The law firm of Jones Day, representing tobacco mega-defendant R. J. Reynolds in personal injury lawsuits, was working with Associate Professor Gregg L. Michel, at the University of Texas. Michel needed research assistants to help with this litigation consulting work, and so in 2008, he reached out to J. Matthew Gallman, a professor of history at the University of Florida, to help line up some worker bees. Gallman helped Michel hire four master-level graduate students from Gallman’s department.

Tobacco lawsuit industry testifier Associate Professor Louis M. Kyriakoudes, at University of Southern Mississippi, learned of the arrangement from his involvement in tobacco litigation. Kyriakoudes shared the information with his fellow-traveling expert witness for tobacco plaintiffs, Robert Neel Proctor.

There was no impropriety in Michel’s hiring the graduate students to assist with his research. Parties are allowed to have consulting expert witness, if for no other reason than to test the accuracy of the other side’s expert witness’s opinions. The research assignment involved searching the archives of a local Pensacola newspaper, in the 1940s, for coverage of smoking’s ill health effects. According to Gallman, the students were “explicitly told not to be selective,” to favor one party or the other.

Proctor was, and still is, a highly paid expert witness for the tobacco lawsuit industry, that is the plaintiffs’ bar, and a regular feature of tobacco trials. After learning the names of the graduate students from his litigation work, Proctor in turn contacted Professor Vassiliki Betty Smocovitis, who held joint appointments in the University of Florida history and biology departments.[2]

In a fairly obvious effort to intimidate and harass the students, Proctor revealed the students’ names to Smocovitis, and pressed his tendentious, gratuitous opinion:

“In my view this is historical malpractice, and I would be very interested to know if the advisers of these students know what they have been doing.”

Smocovitis, who had never been involved in litigation as a partisan expert witness, dutifully carried out the inquiry for Proctor, only to find, unsurprisingly, that her colleagues did not believe that the students had done anything improper. According to her emails, Smocovitis reported back to Proctor that her departmental colleagues were indifferent or annoyed or both for her having bothered them with Proctor’s issue. She told Proctor that “I’m afraid that this is a case of ‘shoot the messenger’, so I can’t persist without alienating myself further,” She resisted Proctor’s importuning to raise the issue at a faculty meeting.

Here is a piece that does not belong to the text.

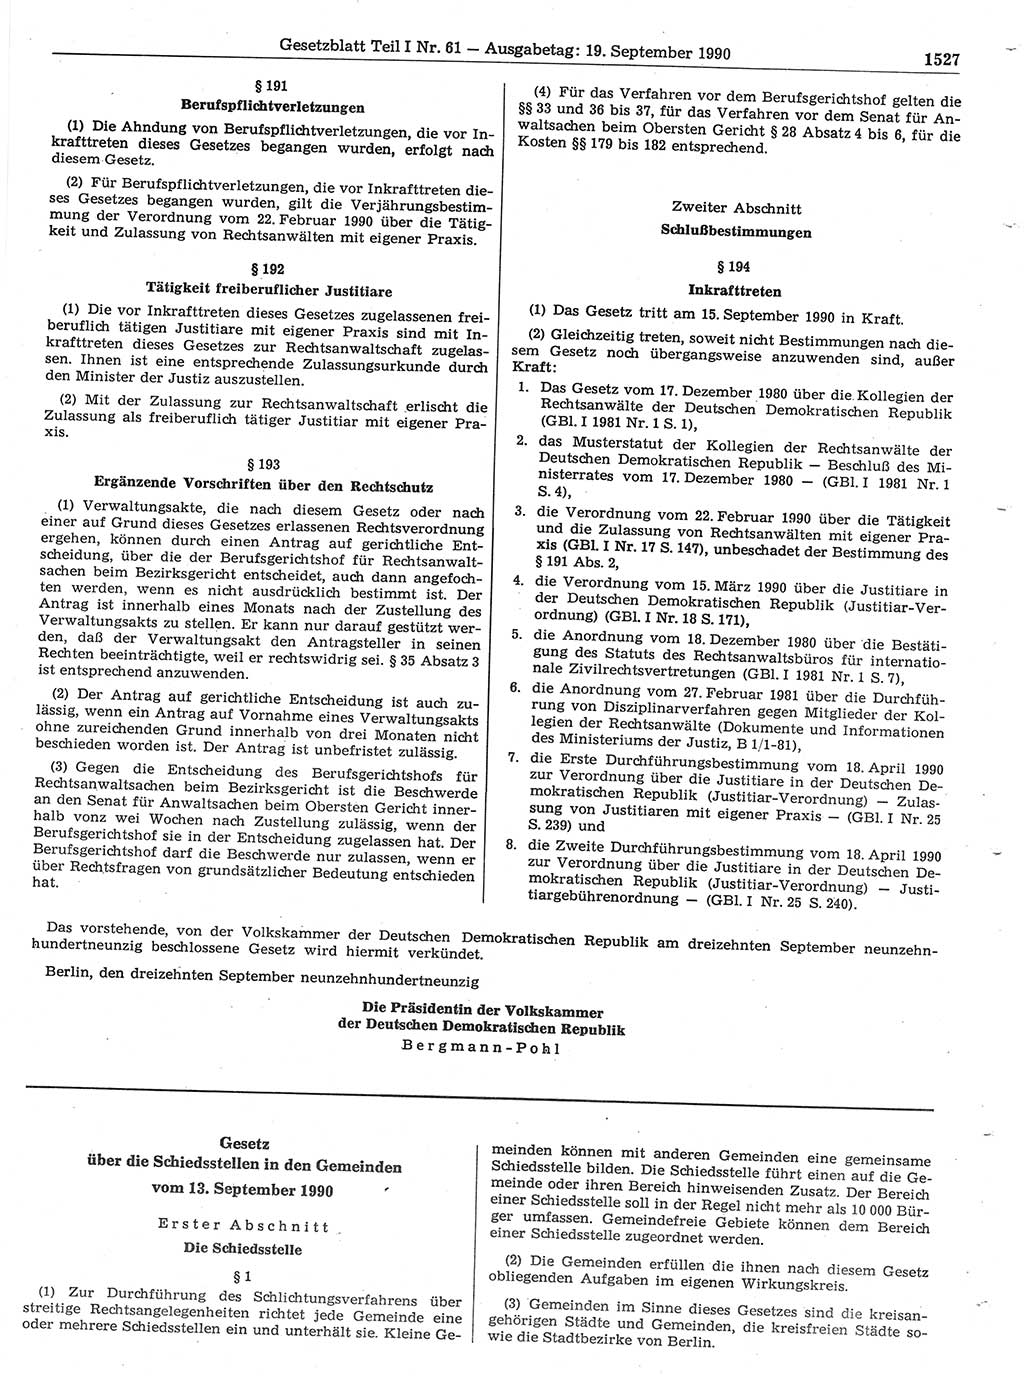 Gesetzblatt (GBl.) der Deutschen Demokratischen Republik (DDR) Teil Ⅰ 1990, Seite 1527 (GBl. DDR Ⅰ 1990, S. 1527)

Lawyers at Jones Day sought emails of Proctor and Kyriakoudes from their university servers, and ultimately took depositions of Proctor and Kyriakoudes, the plaintiffs’ expert witnesses, and Smocovitis, in support of motions to sanction Proctor. Michel filed an affidavit in which he described how one of the four students had been led to believe by her departmental chairman, Joseph F. Spillane, that Proctor intended to publish her name.

Kyriakoudes, who dropped the dime on the graduate students, suggested in his deposition that Proctor’s intrusion into the University of Florida department was a “tactical mistake.” According the Chronicle of Higher Education, he testified that “[t]his whole business of getting involved in a department’s activities like this is just—it’s caused no end of trouble.”

In his own deposition, Proctor described the communications as:

“legitimate scholarly inquiry into the participation of historians in litigation.”

* * *

“I was simply raising an ethical issue that she might want to discuss.”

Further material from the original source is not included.